WikiTeam / wikiteam

Tools for downloading and preserving wikis. We archive wikis, from Wikipedia to tiniest wikis. As of 2023, WikiTeam has preserved more than 350,000 wikis.
https://github.com/WikiTeam
GNU General Public License v3.0
705 stars 147 forks source link

Use urllib.quote on str, not unicode, for image titles #469

Open Pokechu22 opened 1 year ago

Pokechu22 commented 1 year ago

Before, files with non-ascii names would crash when using --xmlrevisions (a regression from #451 by @yzqzss).

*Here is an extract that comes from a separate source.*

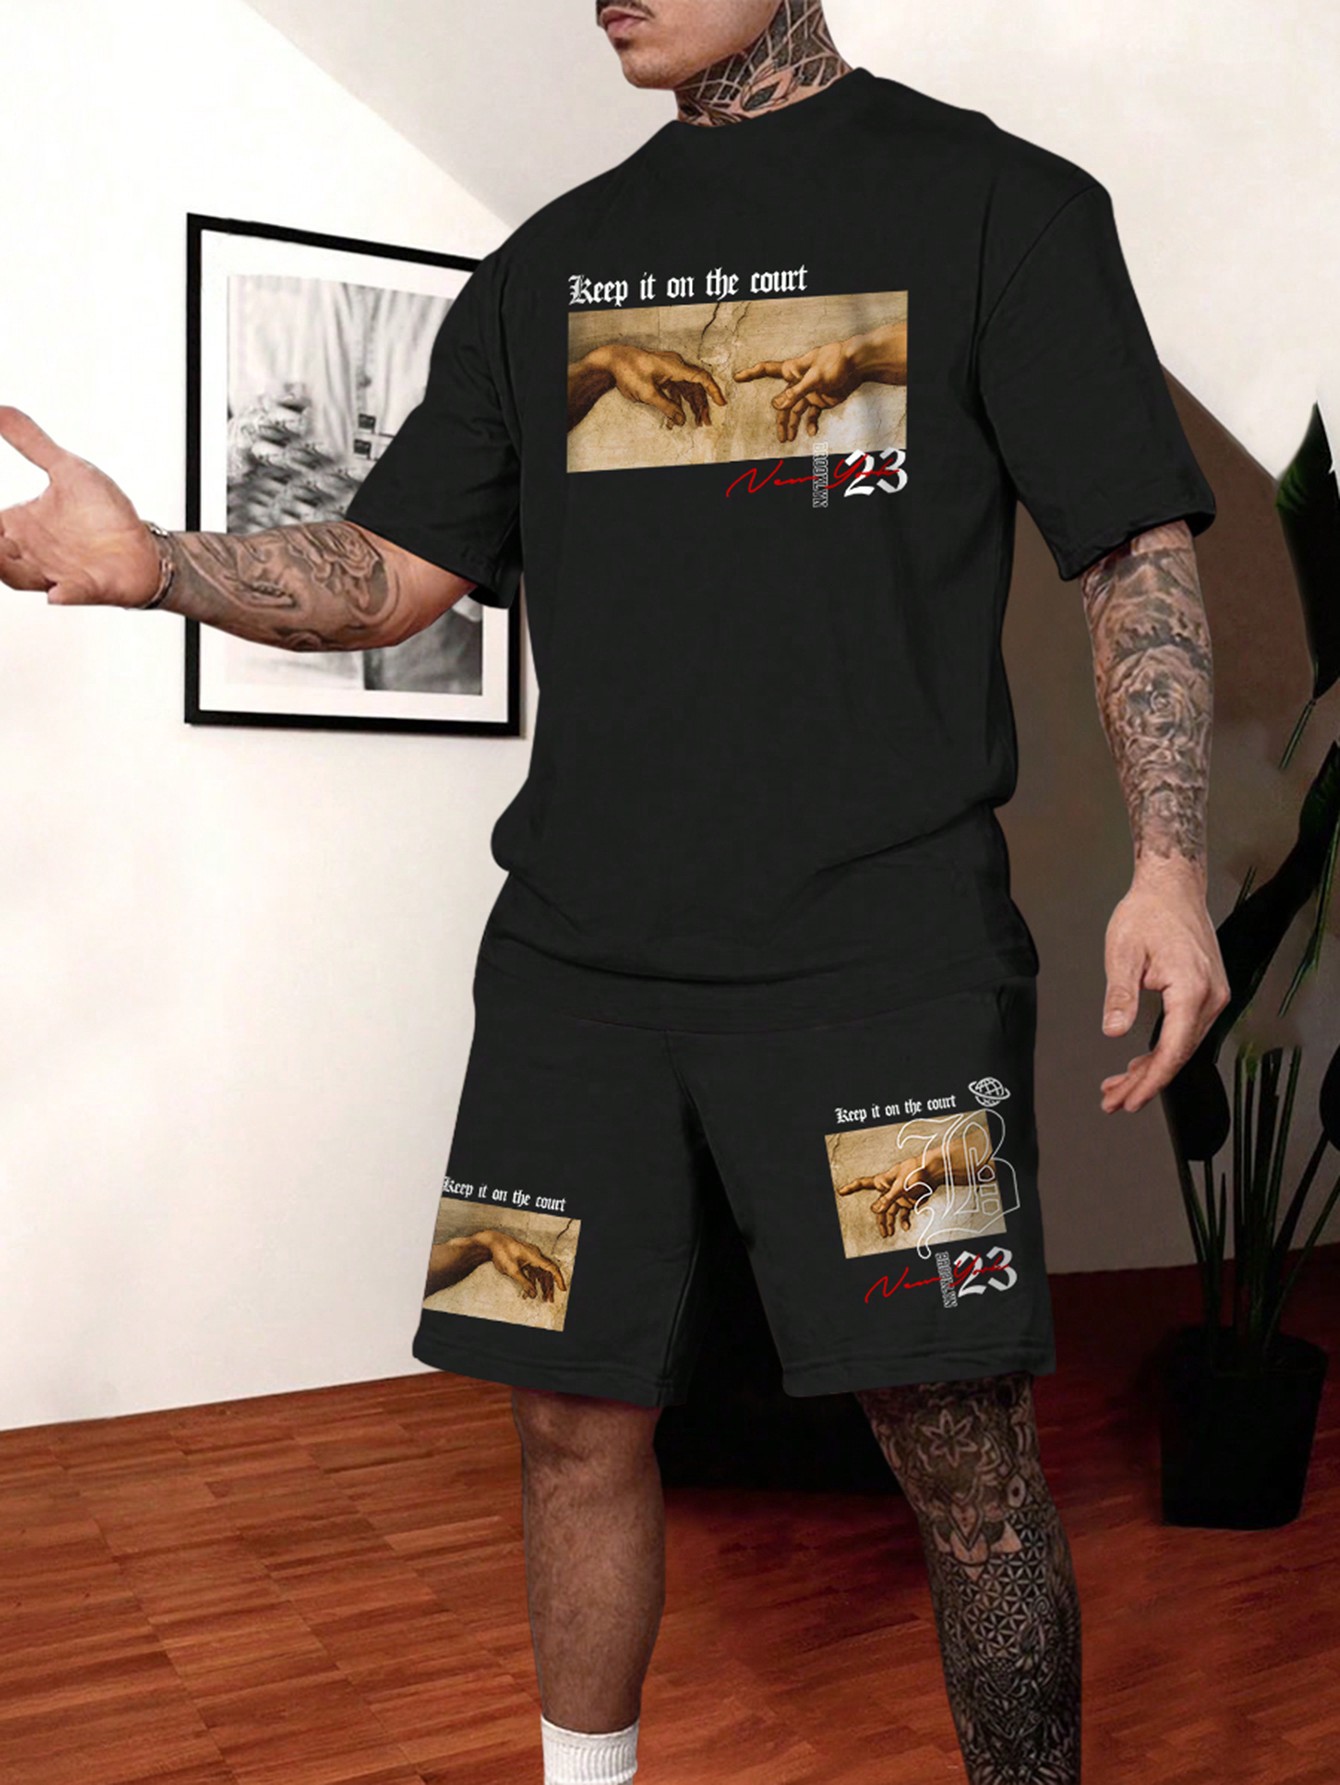 Мужская футболка с короткими рукавами и принтом масляной живописи Manfinity LEGND, черный

For example, French Wikiversity has Fichier:Ensemble_access_croisé.jpg (I'm using that as an example here because it's a small site that I know will continue to exist).

$ python2 -b -u dumpgenerator.py --xmlrevisions --images --force --api https://fr.wikiversity.org/w/api.php
Checking API... https://fr.wikiversity.org/w/api.php
API is OK: https://fr.wikiversity.org/w/api.php
Checking index.php... https://fr.wikiversity.org/w/index.php
index.php is OK
PLEASE, DO NOT USE THIS SCRIPT TO DOWNLOAD WIKIMEDIA PROJECTS!
Download the dumps from http://dumps.wikimedia.org
#########################################################################
# Welcome to DumpGenerator 0.4.0-alpha by WikiTeam (GPL v3)                   #
# More info at: https://github.com/WikiTeam/wikiteam                    #
#########################################################################

#########################################################################
# Copyright (C) 2011-2023 WikiTeam developers                           #

# This program is free software: you can redistribute it and/or modify  #
# it under the terms of the GNU General Public License as published by  #
# the Free Software Foundation, either version 3 of the License, or     #
# (at your option) any later version.                                   #
#                                                                       #
# This program is distributed in the hope that it will be useful,       #
# but WITHOUT ANY WARRANTY; without even the implied warranty of        #
# MERCHANTABILITY or FITNESS FOR A PARTICULAR PURPOSE.  See the         #
# GNU General Public License for more details.                          #
#                                                                       #
# You should have received a copy of the GNU General Public License     #
# along with this program.  If not, see <http://www.gnu.org/licenses/>. #
#########################################################################

Analysing https://fr.wikiversity.org/w/api.php
Trying generating a new dump into a new directory...
Retrieving image filenames
..    Found 84 images
84 image names loaded
Image filenames and URLs saved at... frwikiversityorg_w-20230624-images.txt
Retrieving images from "start"
Creating "./frwikiversityorg_w-20230624-wikidump/images" directory
    Downloaded 10 images
    Downloaded 20 images
    Downloaded 30 images
    Downloaded 40 images
/usr/lib/python2.7/urllib.py:1306: UnicodeWarning: Unicode equal comparison failed to convert both arguments to Unicode - interpreting them as being unequal
  return ''.join(map(quoter, s))
Traceback (most recent call last):
  File "dumpgenerator.py", line 2572, in <module>
    main()
  File "dumpgenerator.py", line 2564, in main
    createNewDump(config=config, other=other)
  File "dumpgenerator.py", line 2147, in createNewDump
    session=other['session'])
  File "dumpgenerator.py", line 1524, in generateImageDump
    r = session.get(config['api'] + u"?action=query&export&exportnowrap&titles=%s" % urllib.quote(title))
  File "/usr/lib/python2.7/urllib.py", line 1306, in quote
    return ''.join(map(quoter, s))
KeyError: u'\xe9'

Python 2's str vs unicode and the implicit conversions are a mess.

nemobis commented 1 year ago

Ah yes, that error has been annoying. Thanks!

Do we really need to pass the URL as unicode? We have the titles as unicode because we're trying to convert at the I/O boundary (so that e.g. we compare titles in unicode only), but I'm not sure requests needs it.

Pokechu22 commented 1 year ago

config[api] is str, so probably the URL should also be str, good catch.

Pokechu22 commented 11 months ago

Anything holding up this being merged?